Back to School: With a Purpose? What!

Okay, so you’ve bought your kids the indoor shoes, the outdoor shoes, the new backpack because the old one wasn’t in anymore, the lunchbox, the cool markers, “no-not-those-ones Mom!”, or, if you have a teenager you bought them a new cell phone, upped the service plan to include data (they do that in school now, don’t they?), maybe even an ipad, and everyone has back to school clothes from the mall, and back to school supplies from the big box store, right?

This is what it has become to go back to school.

The frenzy I have seen this last week in the eyes of parents pumped full with Starbucks dark blends, back to school supply lists spilling from their pockets, kids falling behind while texting their friends who are doing the exact same thing, in some nearly exact same store, to fill the needs or wants (or whatevers) of nearly the exact same back to school list.

The first week of September has become the second coming of Christmas shopping. Sorry. That’s a tactless way to put it, but you know you feel it too. Something has gone wrong. We should be enjoying the last days of summer weather, but instead there were more flyers in my community newspaper this week for Target, Walmart, London Drugs, this store, that store, another store. And, wow, here we all are. In a line up.

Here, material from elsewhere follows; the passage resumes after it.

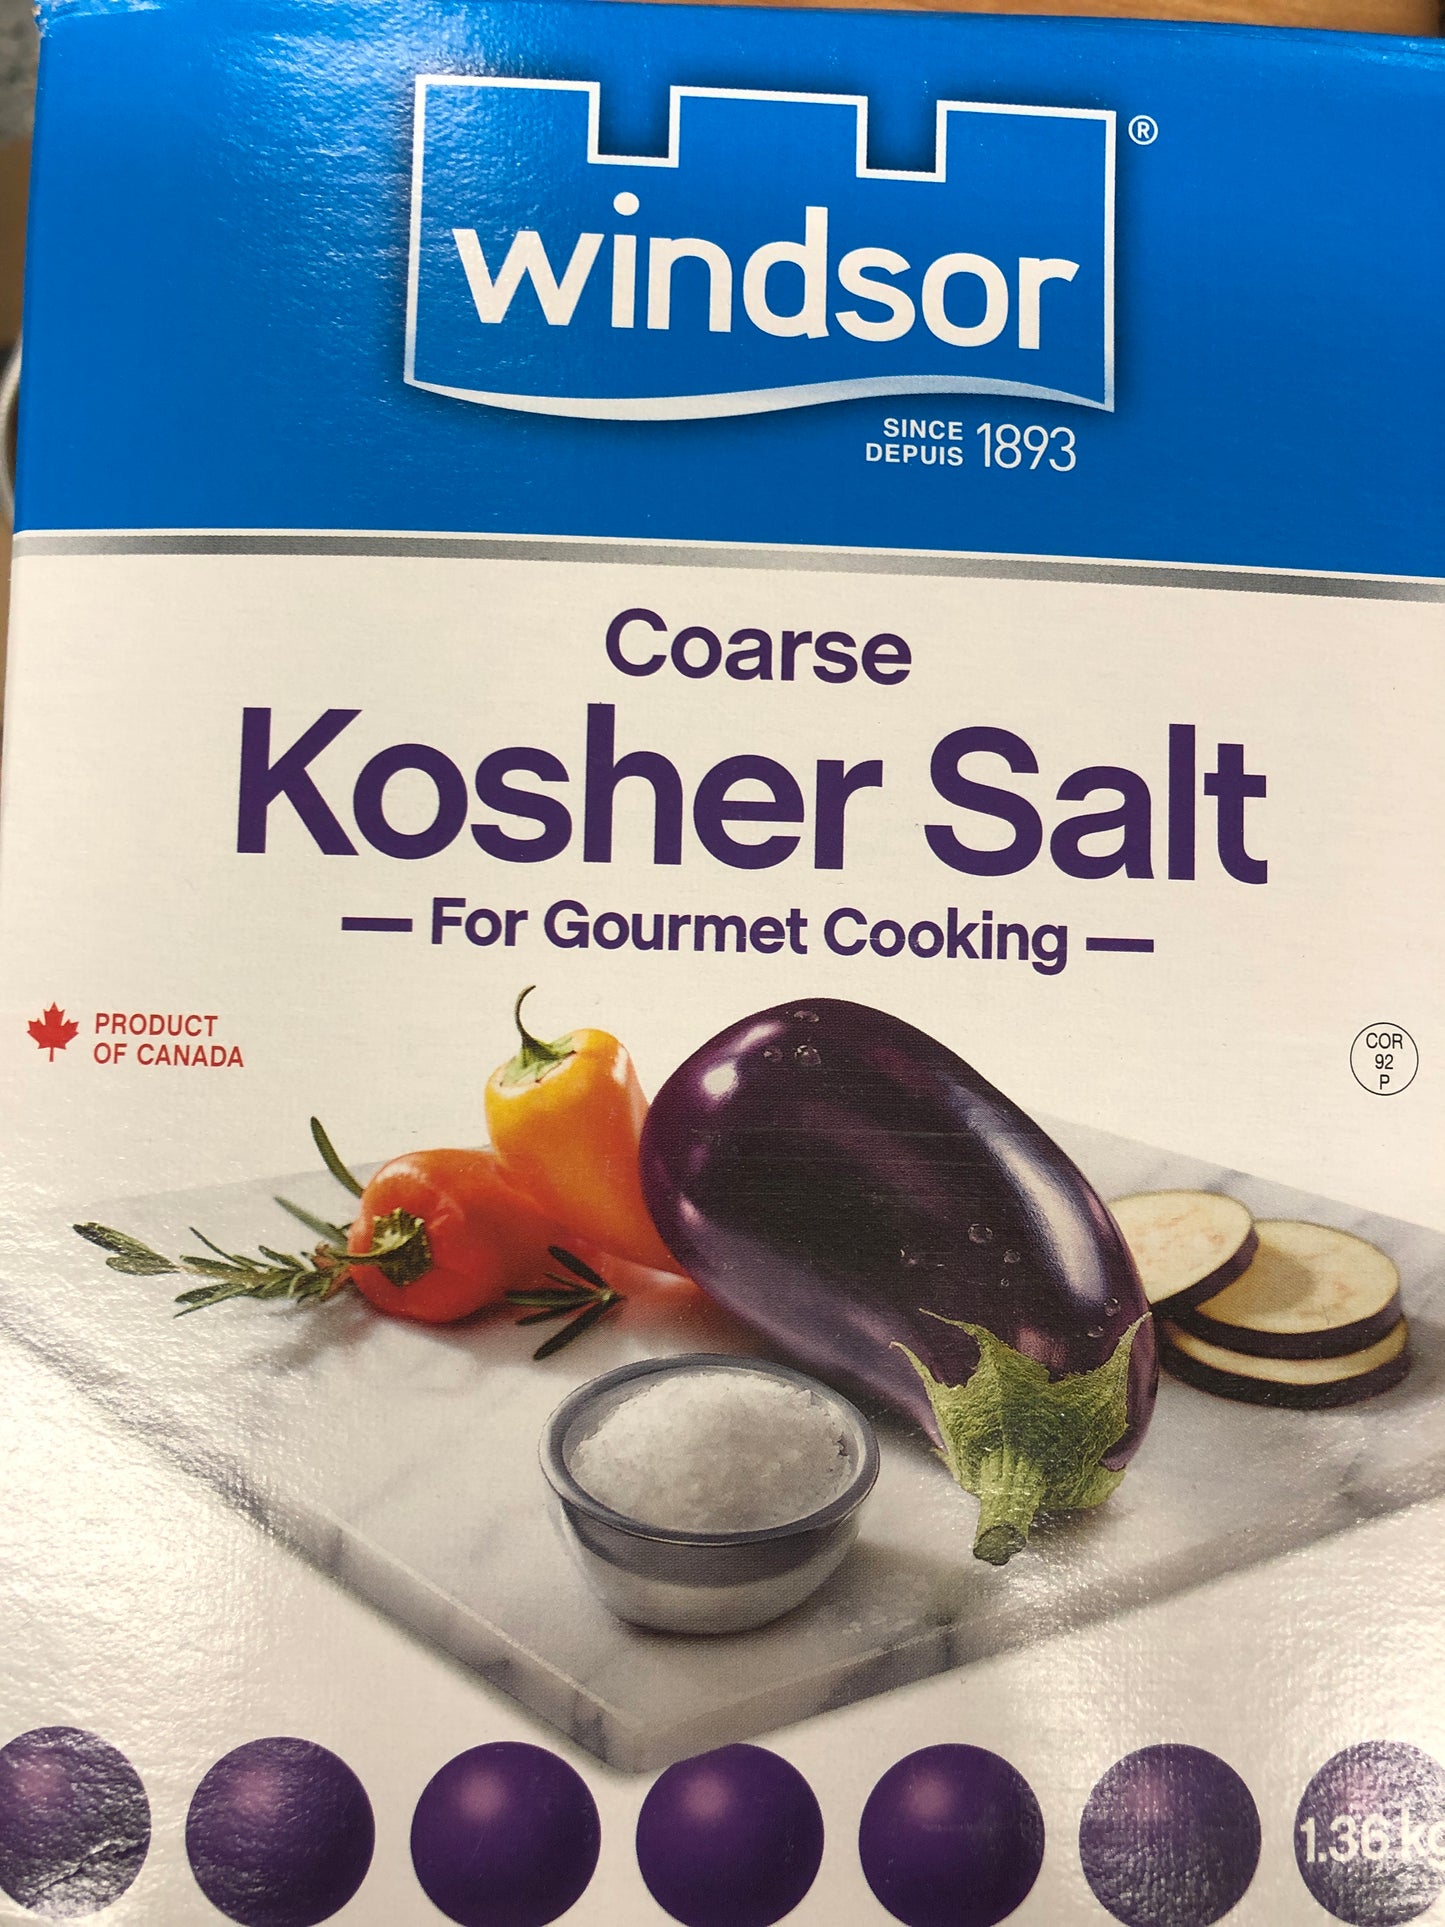 Kosher salt, coarse

In 1976, when I went into my grade one classroom, I arrived wearing my slippers. I wore them outside and in – I really liked them. I guess my mom thought it was just a silly stage (she was right). I did have a new dress on. My mom had sewed it, but no other back to school clothes were purchased in the creation of this grade one kid. Things were eventually bought, or borrowed, and handed down, as needed. I had the same lunchbox I had in Kindergarten. It was red. Just red… no TV shows or characters smiled at me while I ate. Sure, we didn’t have much money because my Mom was a single mother in a time when single mothering was shameful and therefore, extra hard, and we often had to buy second-hand, but what my mom gave me year after year, after year, of going back to school was a good ol’ fashioned pep talk. Nothing fancy. Nothing long-winded. But, her plain message has stayed put and dug right down into me.

Tara, school is important. You need to work hard, and try your very best. Your teachers have things to teach you, even the grumpy ones. Pay attention. Be respectful. Work hard.

My grandfather, too, used to make sure all his grandchildren knew about the value of education.
I can still remember this oft mentioned mantra of his: School is your hardest job, but it pays the best. Work hard and you will be rewarded.

I always listened to them both. Maybe, we should all listen to them, and to all the men and women of our collective past, who pushed us to be serious, work hard, and, dare I say it, CARE about getting an education?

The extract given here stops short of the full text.